St Petersburg University is the leader in the number of scientific publications on the green transition


The analytical report ‘Sources of New Industries. Green Transition in Industry and Cities’ was prepared jointly by the Centre for Strategic Research “North-West” Foundation and the Innovations and Youth Initiatives Support Fund of St Petersburg with the support of the government of St Petersburg. The project aims to identify long-term trends and prospects for the development of new industrial and technological markets and the most promising research and developments in: advanced chemistry; synthetic biology; artificial intelligence; and green technologies for industry and cities.

According to the report, St Petersburg University is the leader among research institutions in Russia in the number of scientific research papers on the subject, significantly ahead of other organisations on the list. Thus, St Petersburg University has 37 publications in Scopus-indexed journals. Research institutes of the Russian Academy of Sciences (RAS) share the second place with 25 publications. In the third place is the National Research University “Higher School of Economics” (HSE University) with 18 publications.
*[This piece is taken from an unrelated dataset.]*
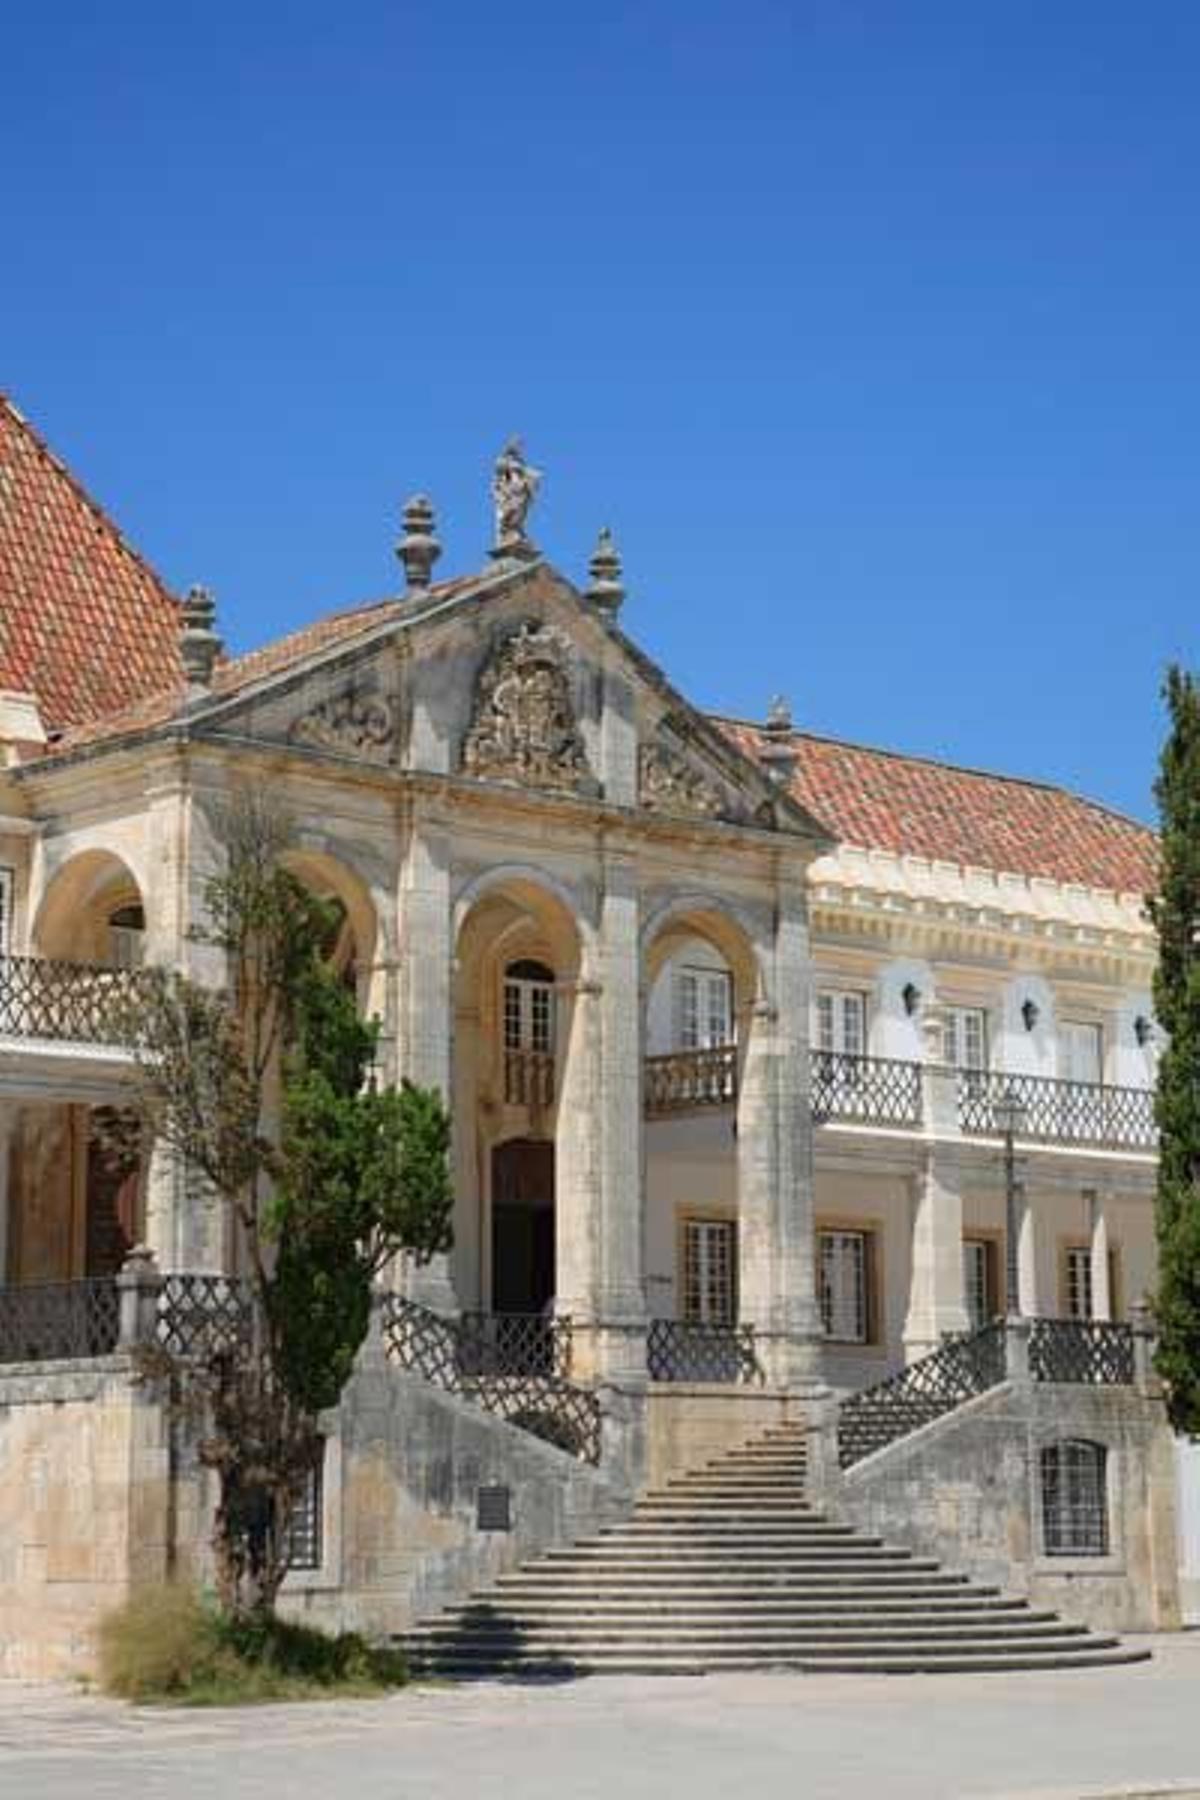 Detalle de una de las puertas de la Universidad de Coimbra
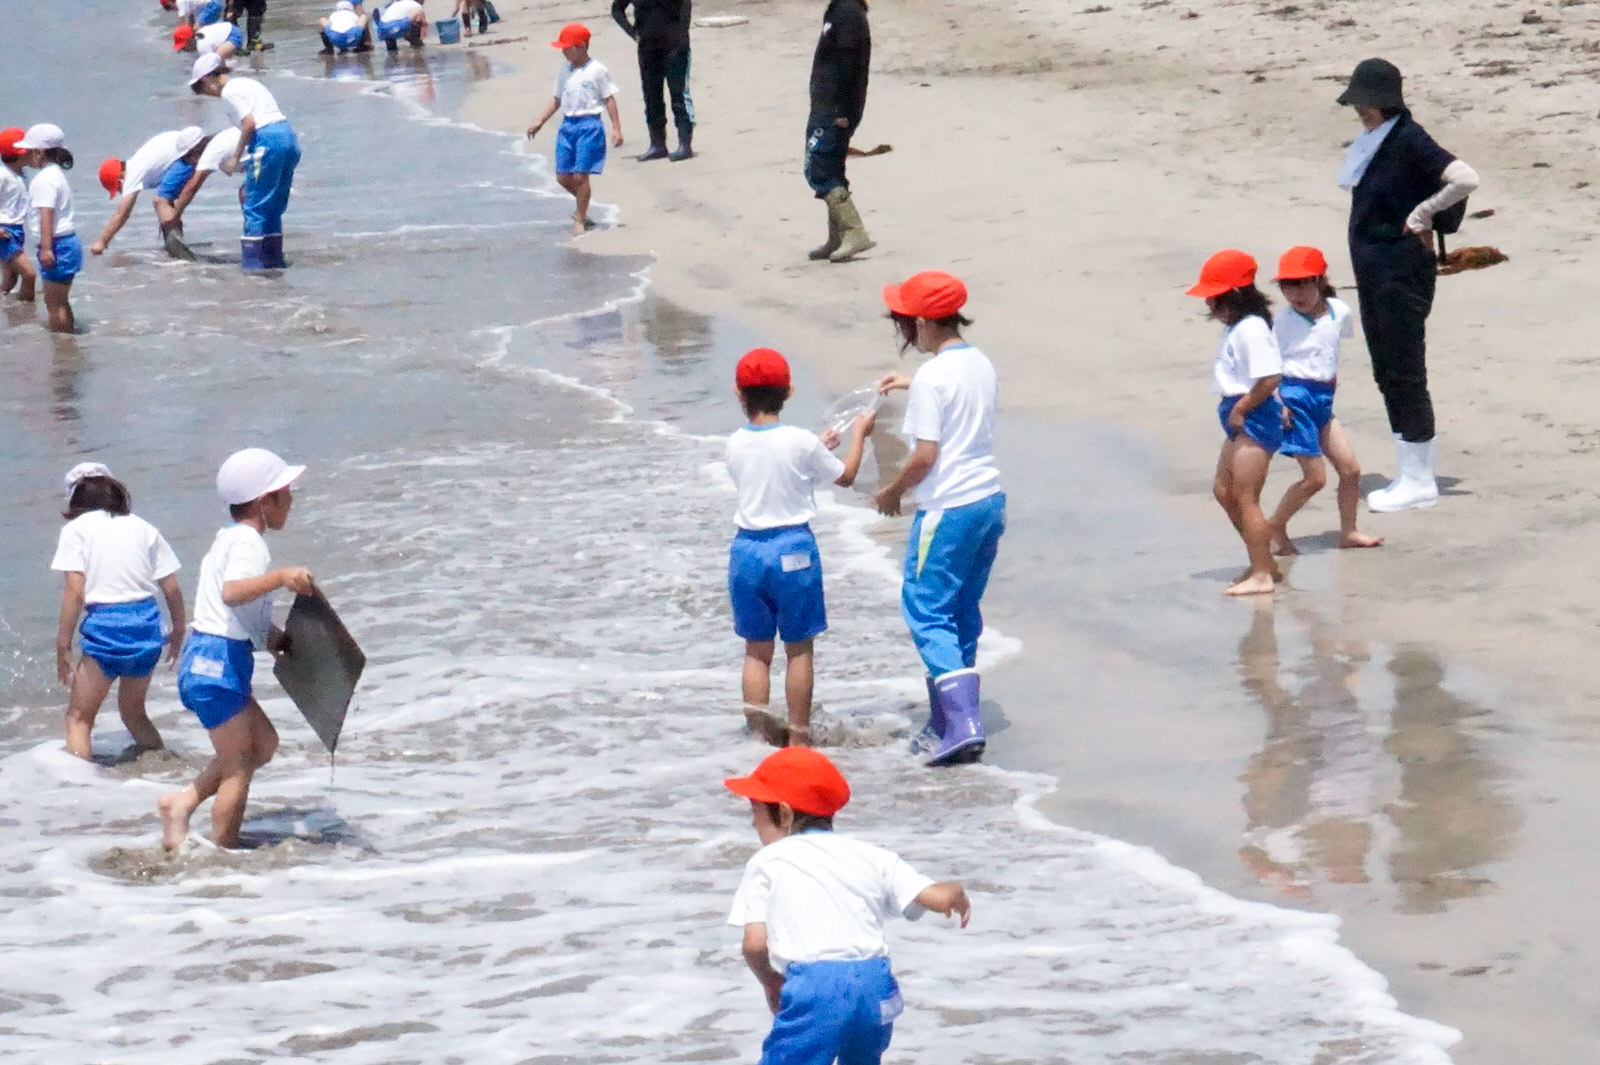 歌津地区の長須賀海岸「ふるさとの海に親しむ会」開催レポート

‘St Petersburg University is willing to take on challenges of modern society, placing great emphasis on research and developments in the interdisciplinary field of ecology and sustainable development. The University’s researchers seek to find rational solutions for preserving the environment; reducing human impact; optimising resource consumption; and creating favourable living conditions. For St Petersburg University, addressing these challenges is one of its research priorities,’ said Sergey Mikushev, Vice-Rector for Research at St Petersburg University.

Researchers at St Petersburg University have a wealth of experience in conducting projects on: atmospheric composition; carbon balance; ecosystem studies; climate modelling; as well as other climate and environmental projects.

An important contribution has been made by the Ozone Layer and Upper Atmosphere Research Laboratory at St Petersburg University. This research team focuses on the prediction of changes in the ozone layer caused by natural and anthropogenic factors; climate change; and space weather events. The researchers have discovered how planetary waves affect atmospheric dynamics and have proven that geomagnetic storms can destroy up to 25% of the Earth’s ozone layer.

The project ‘Comprehensive study of aerosol particles at the Zotino Tall Tower Observatory (ZOTTO) in central Siberia: sources, physicochemical properties and climate effect’, supported by the Russian Science Foundation, has been implemented to solve the fundamental problem of atmospheric physics, namely the effect of atmospheric aerosol on the Earth’s climate. The researchers were able to measure concentrations of: aerosol (PM10); elemental (black) carbon; organic carbon; and inorganic ions at the Zotino Tall Tower Observatory.

A significant part of the University research initiatives are Arctic research projects. In particular, the University researchers have studied the key parameters of the carbon cycle in cryogenic ecosystems; generated databases of the water quality parameters of rivers and lakes in the Arctic; and run ecosystem simulation modelling to predict ecosystem dynamics under projected climate warming.

There are research and development initiatives underway that focus on developing measures to adapt the economy and the social sphere to climate change and on promising climate technology projects.

St Petersburg University have implemented a number of research projects on ecosystems of St Petersburg and the Leningrad Region, aiming to: determine carbon stocks in soils; analyse the composition of gases and aerosols in the atmosphere; generate an inventory of greenhouse gas emissions; and comprehensively assess the condition of water bodies. Within the framework of the project ‘From carbon polygon to carbon farm: The potential and ways of developing the sequestration carbon industry in the Leningrad Region and St Petersburg’, a team of St Petersburg researchers seek to address a number of interdisciplinary issues in order to assess the potential and ways to develop the carbon capture and storage industry in the Leningrad Region and St Petersburg.